There is never enough bandwidth in a datacenter that is the size of a football field and that is expected to work more or less like a single computer. While 10 Gb/sec Ethernet on the server and 40 Gb/sec Ethernet on the backbone is fine for many enterprises today, hyperscalers, cloud builders, and service providers are pushing up against these limits and crave more bandwidth.
Getting an entire industry to agree on standards and to produce products that must meet an increasingly diversifying set of needs is a challenge, and the Ethernet Alliance, an industry group that has been working with the IEEE and other standards bodies for the past decade to help shape the networking realm, has been putting out a roadmap each year to give us all a sense of where we are going. The latest roadmap was put out this week in conjunction with the Optical Fiber Communication conference, and it has a few tweaks compared to last year’s roadmap, which we walked through in detail last March.

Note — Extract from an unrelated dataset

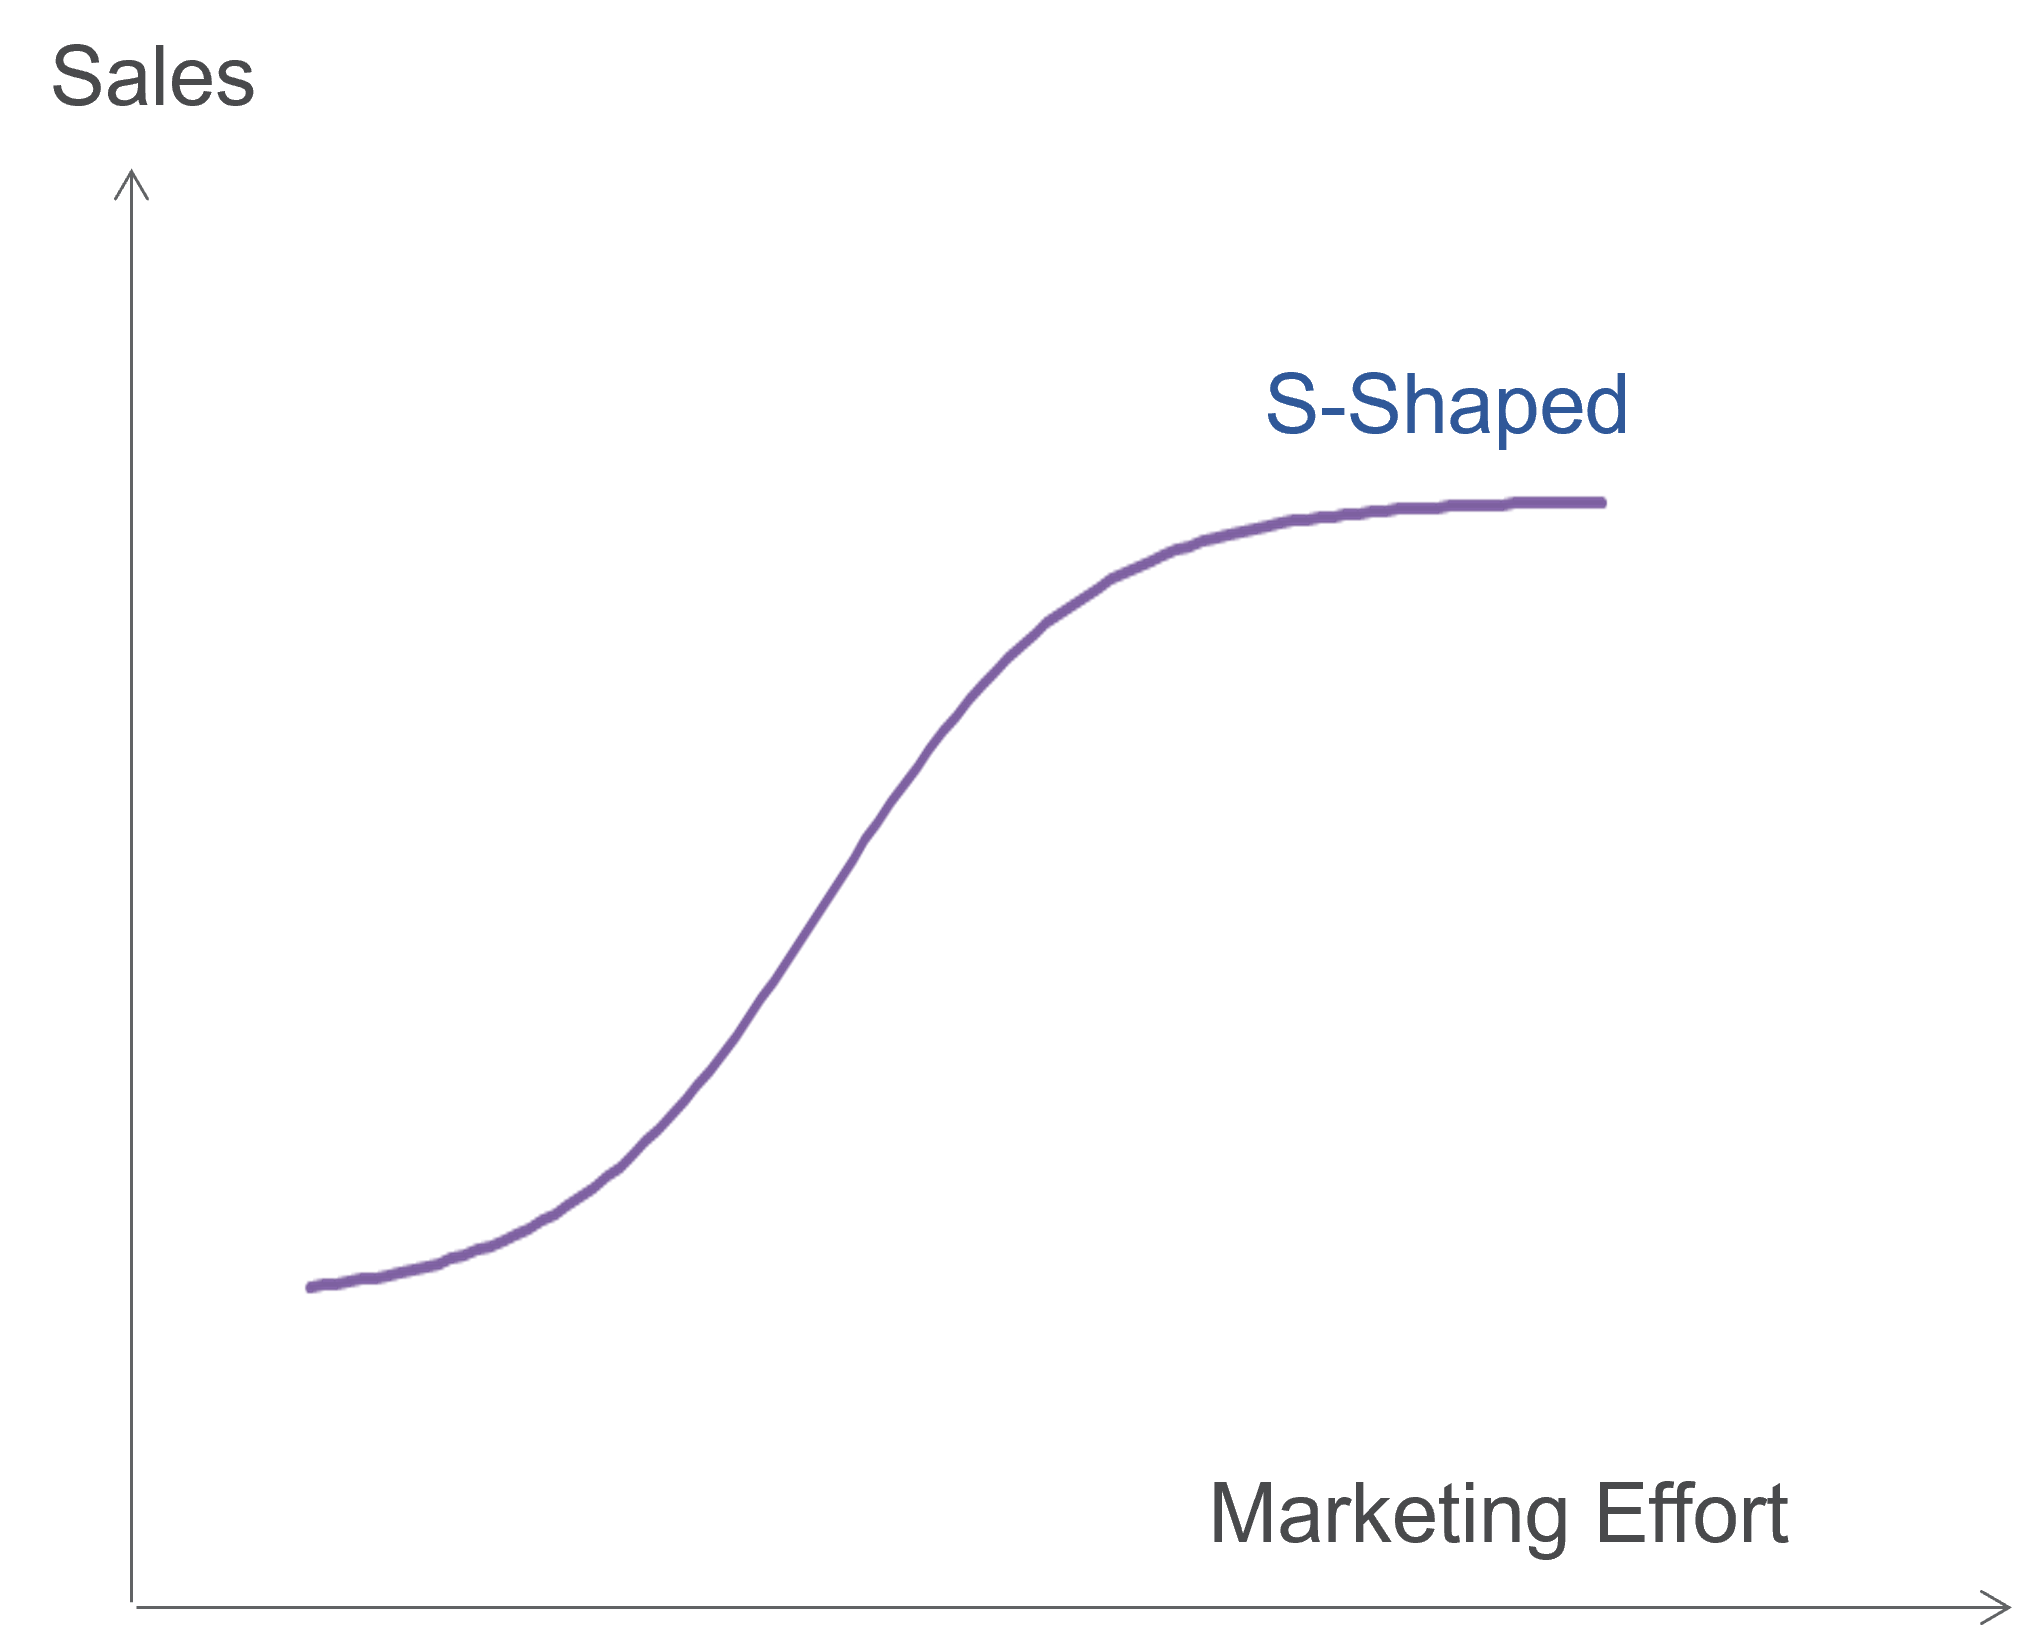 S-shaped Response Model - Sales Response Function — Marketing mix Modelling

Scott Kipp, who is director of engineering at Brocade, which makes Fibre Channel and Ethernet switches and who is also president of the Ethernet Alliance, gave us the rundown on what has changed in the past year on the roadmap. There is not a lot of change in the datacenter space, but there are some interesting things that will change the future of networking in the glass house as we approach what Kipp calls the Terabit Mountains off in the distance.
The first big change on the Ethernet roadmap is that 1 Tb/sec has been dropped as a future speed, and Kipp says that this is because the industry does not want to have to support ten lanes of traffic on devices to get to that speed. Initial 100 Gb/sec products (mostly routers, backbone switches, and uplinks on aggregation switches in the early days) were based on 10 Gb/sec lanes and had ten of them to reach that bandwidth. (These are the same lanes that were used in the stopgap 40 Gb/sec products that a portion of the market compelled the networking industry to make and that hyperscalers have largely deployed in their fabrics for the past several years.) These 10 Gb/sec lanes were hot and expensive, and the idea going forward is to push lanes to 25 Gb/sec speeds, as the current crop of Ethernet switches are doing, and then ramp up to 50 Gb/sec lanes and then 100 Gb/sec lanes and keep the lane count down around eight. So that gives us future router and switch ports running at 200 Gb/sec and 400 Gb/sec using 50 Gb/sec lanes and then 400 Gb/sec and 800 Gb/sec using 100 Gb/sec lanes.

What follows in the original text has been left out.